I have sat in the FleetCenter for a Celtics playoff game and been booed out of the FleetCenter after said playoff game with my Allen Iverson jersey hidden beneath a jacket. I have heard ‘Yankees Suck!’ chants at a Devil Rays-Red Sox game and been involved in a ‘BC Sucks!’ chant at a BU-Merrimack game. I have seen light posts topple and buses nearly flip over in the middle of Kenmore Square, all because the Patriots won some big football game.

In the next few weeks, if you look out your dorm room window to the corner or Yawkey Way and Brookline Avenue; you will be able to see the hearts of every Bostonian crumble as their beloved Red Sox again fall short of the hated Yankees. Or they could make the playoffs. Stranger things have happened.

Go to Fenway Park and learn once and for all that ESPN, the Boston Globe and every baseball card you’ve ever owned don’t know how to spell the name of the best player the Red Sox have to offer.
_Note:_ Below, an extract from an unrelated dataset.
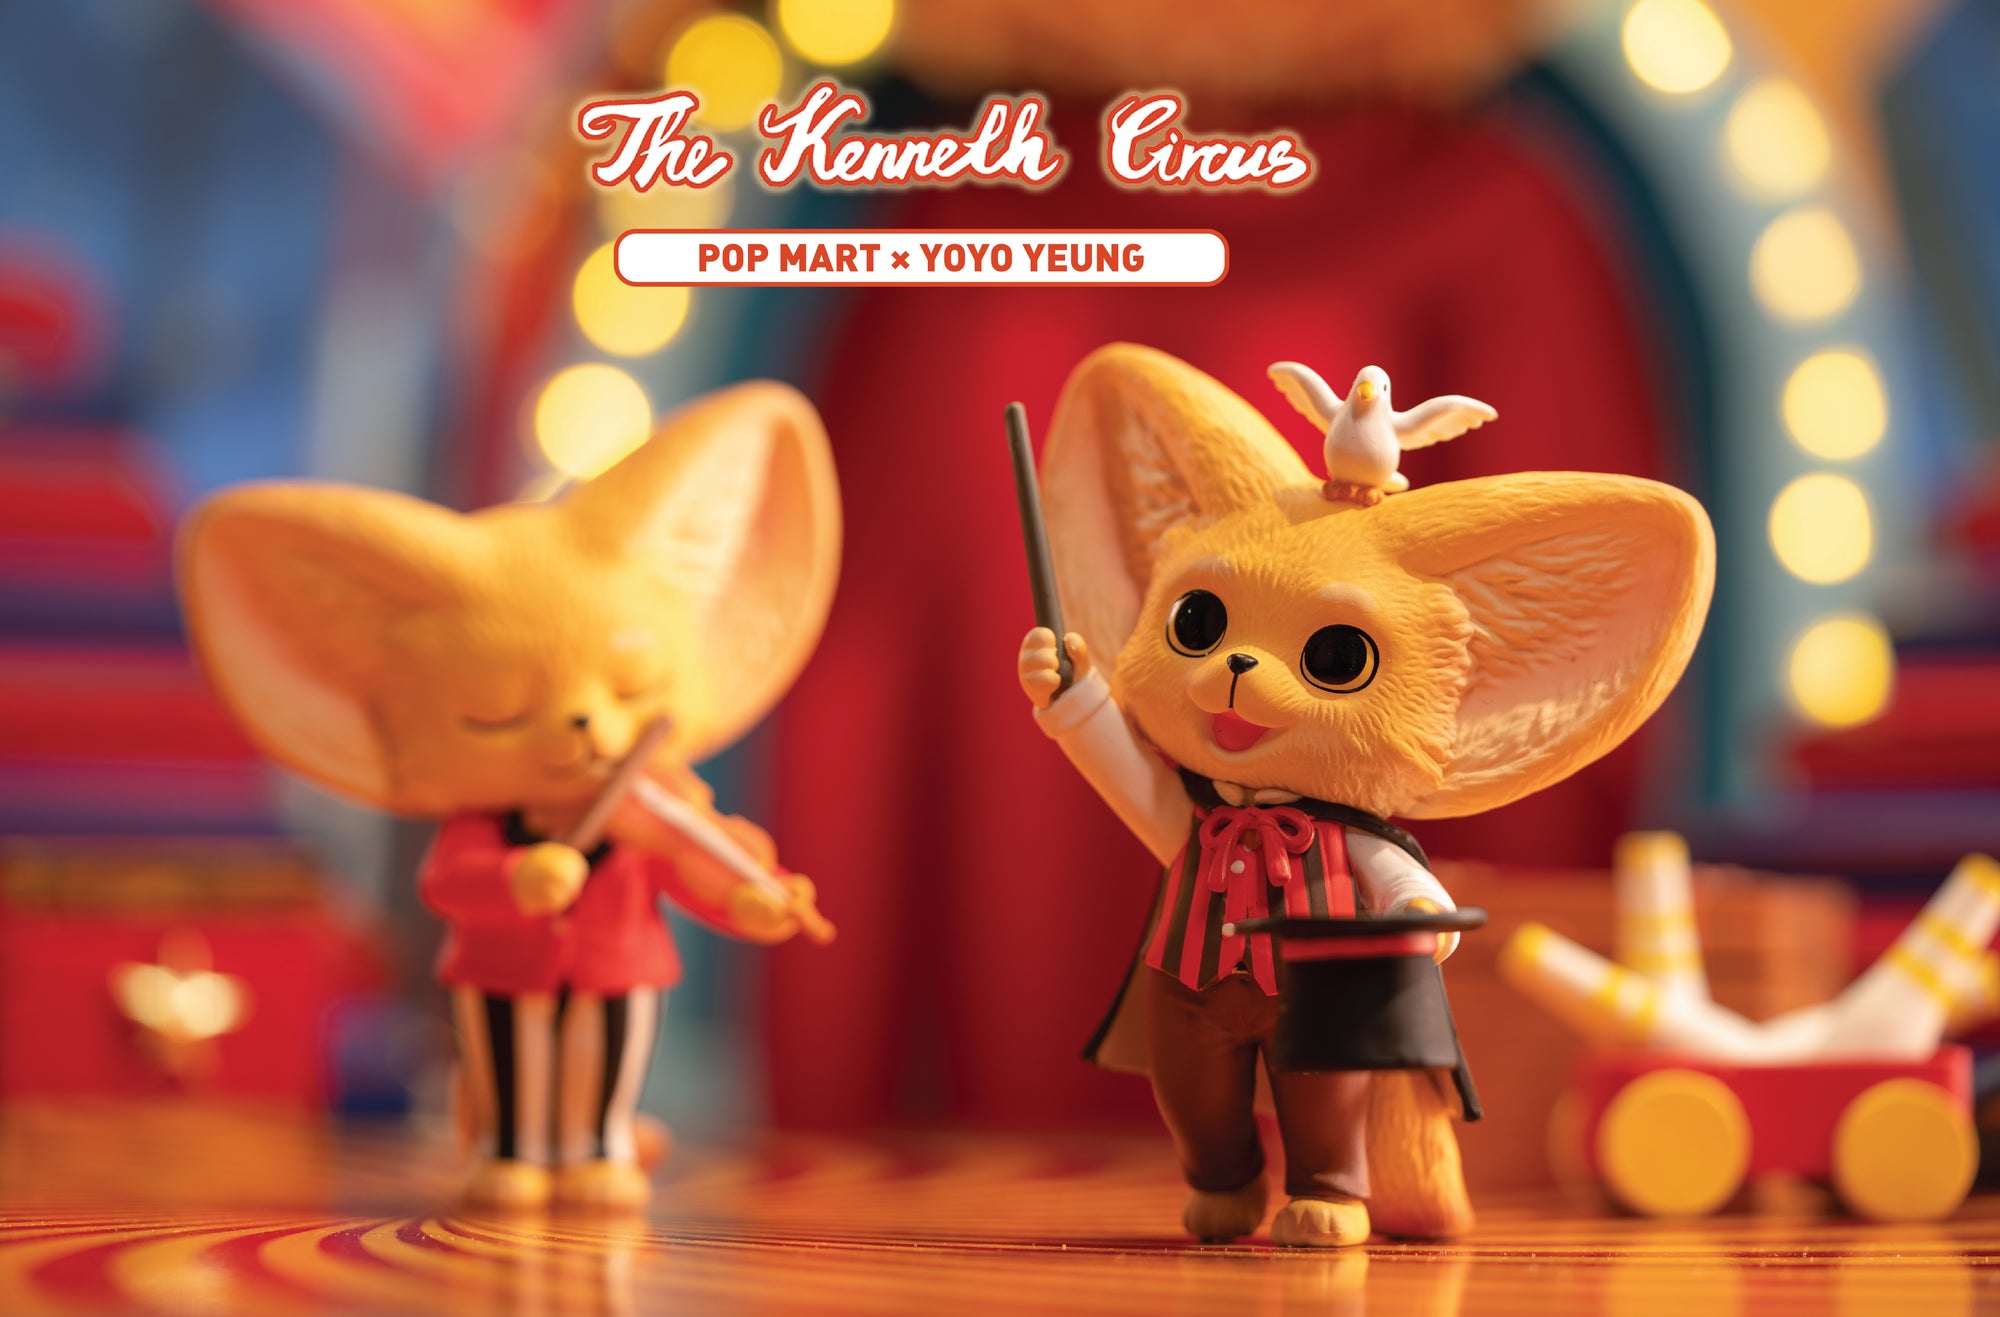 Kenneth Circus Blind Box Series by Yoyo Yeung x POP MART

It’s Nomah Gahciaparrah. Get it right.

The point in all of this rambling is that the sports fanatic inside you need not worry if you’re feeling like I once did that perhaps you would have been better off in State College, Pennsylvania, South Bend, Indiana or Chapel Hill, N.C.

Your sports fix will be fulfilled in your new hometown, and then some. Whether you’re screaming in Section 8, pounding your feet on ‘The Roof’ or sitting on top of the Green Monster, Boston will give you enough sports entertainment that you will have to share it with your friends.

And if you are sitting on the Green Monster and have an extra ticket, you know where to find me.